Figura 51: Recuo das esquadrias dos terraços das unidades privativas

Sala Comercial Apartamento

Fonte: Produção do autor, 2015.

Na sequência, Holanda propõe “abrir as portas” e “continuar os espaços”, valorizando a fluência entre o exterior e o interior, permitindo que as aberturas possam permanecer abertas, sombreadas e convidativas. No projeto foram utilizadas grandes portas, não apenas no pavimento térreo, mas também nos

terraços privativos (residenciais e comerciais) e em espaços de uso comum presentes em vários pavimentos da torre. Se no pavimento térreo as portas cumprem uma função convidativa na relação do espaço público com o privado, nos pavimentos mais altos elas permitem que a paisagem externa adentre nos ambientes, ao mesmo tempo que protegem o ambiente interno das chuvas.

Ao longo dos pavimentos as portas alternam seu desenho de acordo com cada situação. Enquanto nos terraços privativos as portas são em vidro incolor e bandeirolas móveis, para permitir a visualização da paisagem externa e a entrada de ventilação, no pavimento de lazer (salão de festas e academia) as portas consistem em grandes painéis com altura igual ao pé-direito duplo dos ambientes, compostas de vidro e brises horizontais que garantem privacidade e admitem a entrada de luz. A abertura dos painéis transforma o ambiente interno numa grande “varanda” integrada ao jardim, que emoldura a paisagem externa e, protegida pelo guarda- corpo de vidro, que não obstrui a vista do exterior (Figura 52).

Figura 52: Painéis móveis do salão de festas

As portas que dão acesso às unidades privativas (residenciais e comerciais), serão em madeira com tabicão em sua parte inferior, podendo assim manter os ambientes protegidos e seguros enquanto promovem a circulação e renovação do ar (Figura 53). Além das portas em tabicão, janelas altas estarão presentes ao longo das paredes que separam os ambientes internos das circulações de escada e elevadores, promovendo a ventilação cruzada em todas os apartamentos e salas comerciais. Essas janelas terão altura de peitoril superior às portas, podendo assim se manterem lineares ao longo das paredes divisórias das unidades privativas com a circulação de dá acesso às salas comerciais, apartamentos e áreas de uso comum.

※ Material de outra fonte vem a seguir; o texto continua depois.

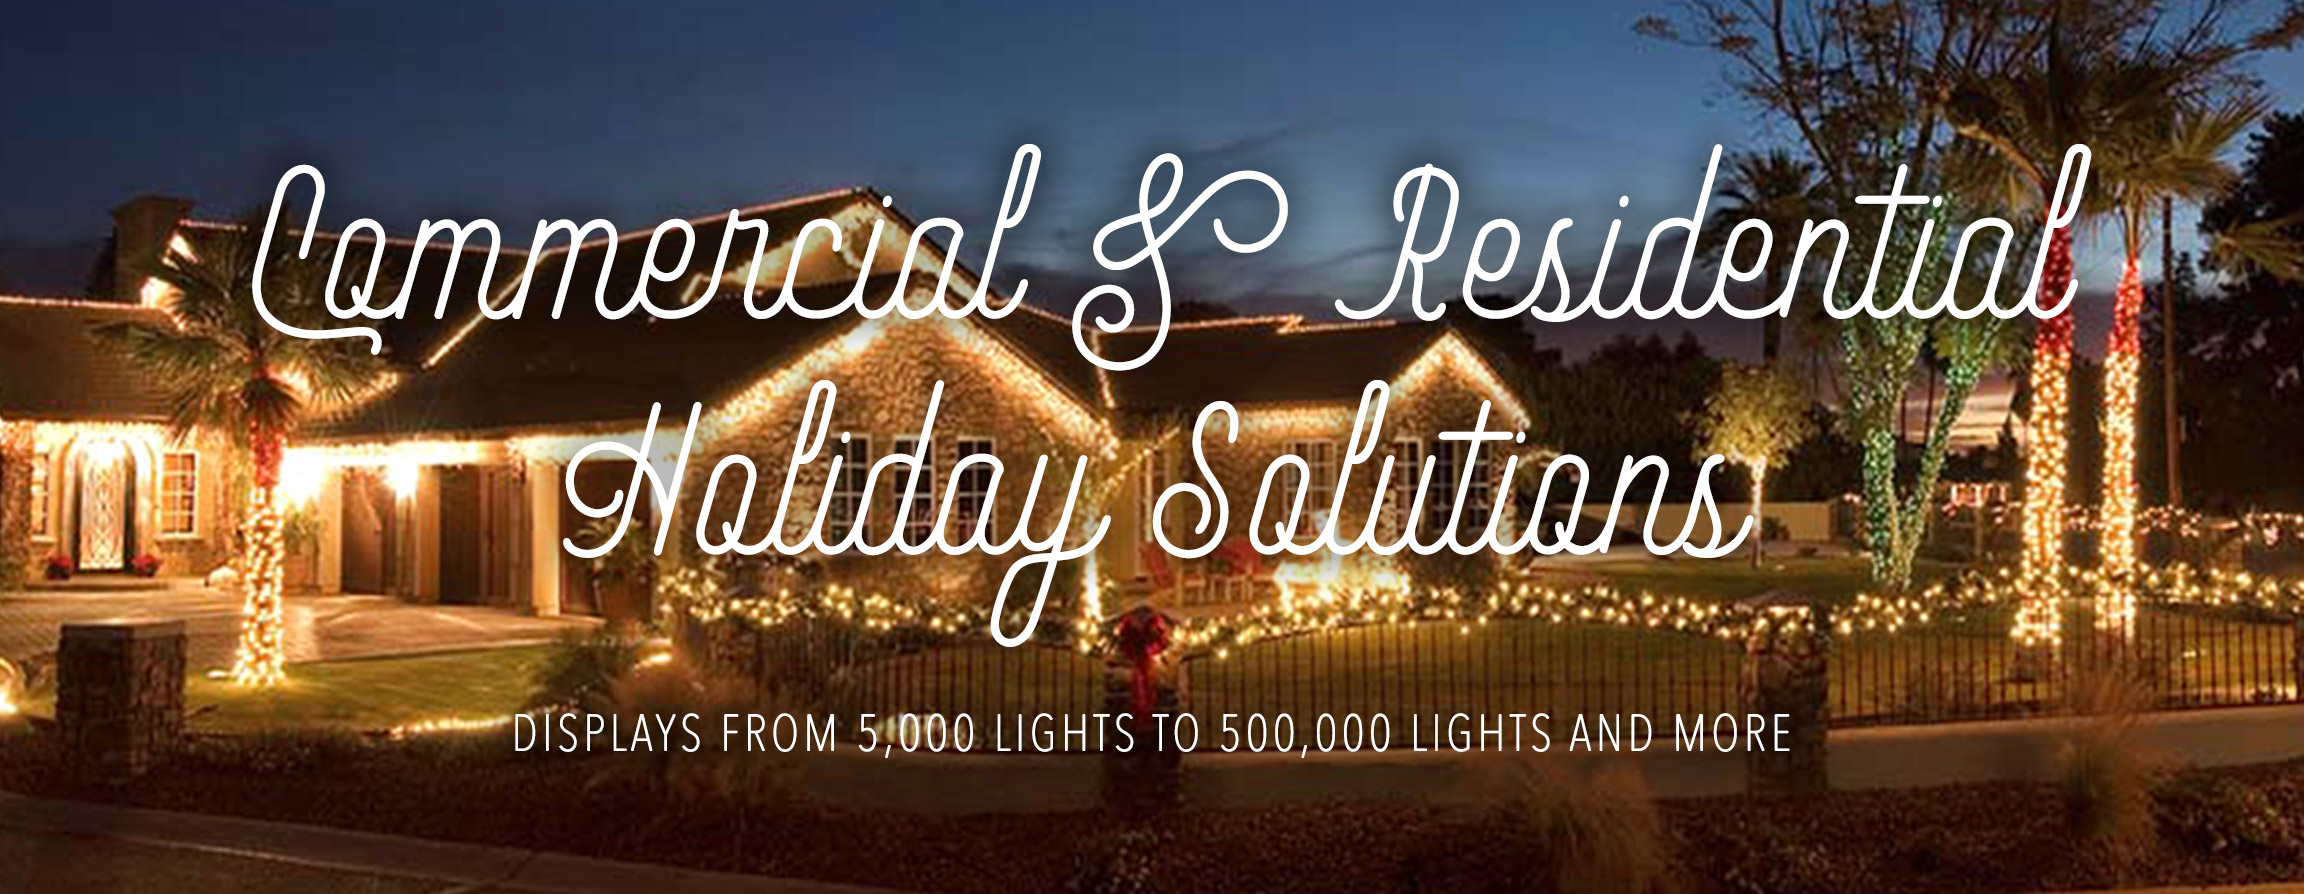 Commercial & Residential Holiday Lighting and Decorating Solutions. Large and small scape displays starting at $799. Custom designs and preset themes available. See what Spirit Lighting can do for YOU!

A circulação que dá acesso às salas comerciais se localiza na face oeste do edifício e é protegida da incidência do sol pela área técnica das condensadoras e por brises horizontais de alumínio. Apesar de se localizarem na face oeste, as áreas técnicas são vazadas tanto para o interior da edificação, quanto para seu exterior, permitindo que a ventilação circule em torno das máquinas e amenizando o calor gerado pelas mesmas. Esses trechos vazados, em conjunto com a própria configuração aberta da circulação, contribuem para que a ventilação que incide na fachada leste cruze os pavimentos e mantenha os ambientes em temperaturas agradáveis e adequadas (Figura 54).

Figura 53: Portas de acesso às unidades privativas em madeira com tabicão

Figura 54: Esquema mostrando a ventilação cruzada nas salas comerciais

Fonte: Produção do autor, 2015.

Holanda prega a convivência com a natureza de forma equilibrada e valorizando o “caráter selvático e agigantado da natureza tropical”. Dessa forma, a presença constante de vegetação nos andares e a permanente vista do Parque das Dunas trazem a natureza para dentro do projeto. Além do sombreamento vegetal presente na praça do pavimento térreo, o edifício procura essa integração com a natureza por meio de jardins em vários pavimentos da edificação, seja nos terraços privativos ajardinados (Figura 55), nos jardins dos pavimentos de convenções e restaurante, ou no mirante presente no último pavimento.

Figura 55: Vistas internas dos jardins nos apartamentos com pé-direito duplo

Holanda finaliza sua obra propondo a afirmação de uma arquitetura tropical brasileira e que seja expressão de nossa cultura. Uma arquitetura sombreada, aberta e acolhedora, que ele compara, metaforicamente, à uma grande árvore frondosa servindo de abrigo para o ambiente tropical. Nesse sentido, o edifício multifuncional proposto busca a qualidade ambiental por meio de soluções projetuais simples, utilizando o desenho arquitetônico como principal ferramenta para conseguir conforto ambiental e eficiência energética na edificação.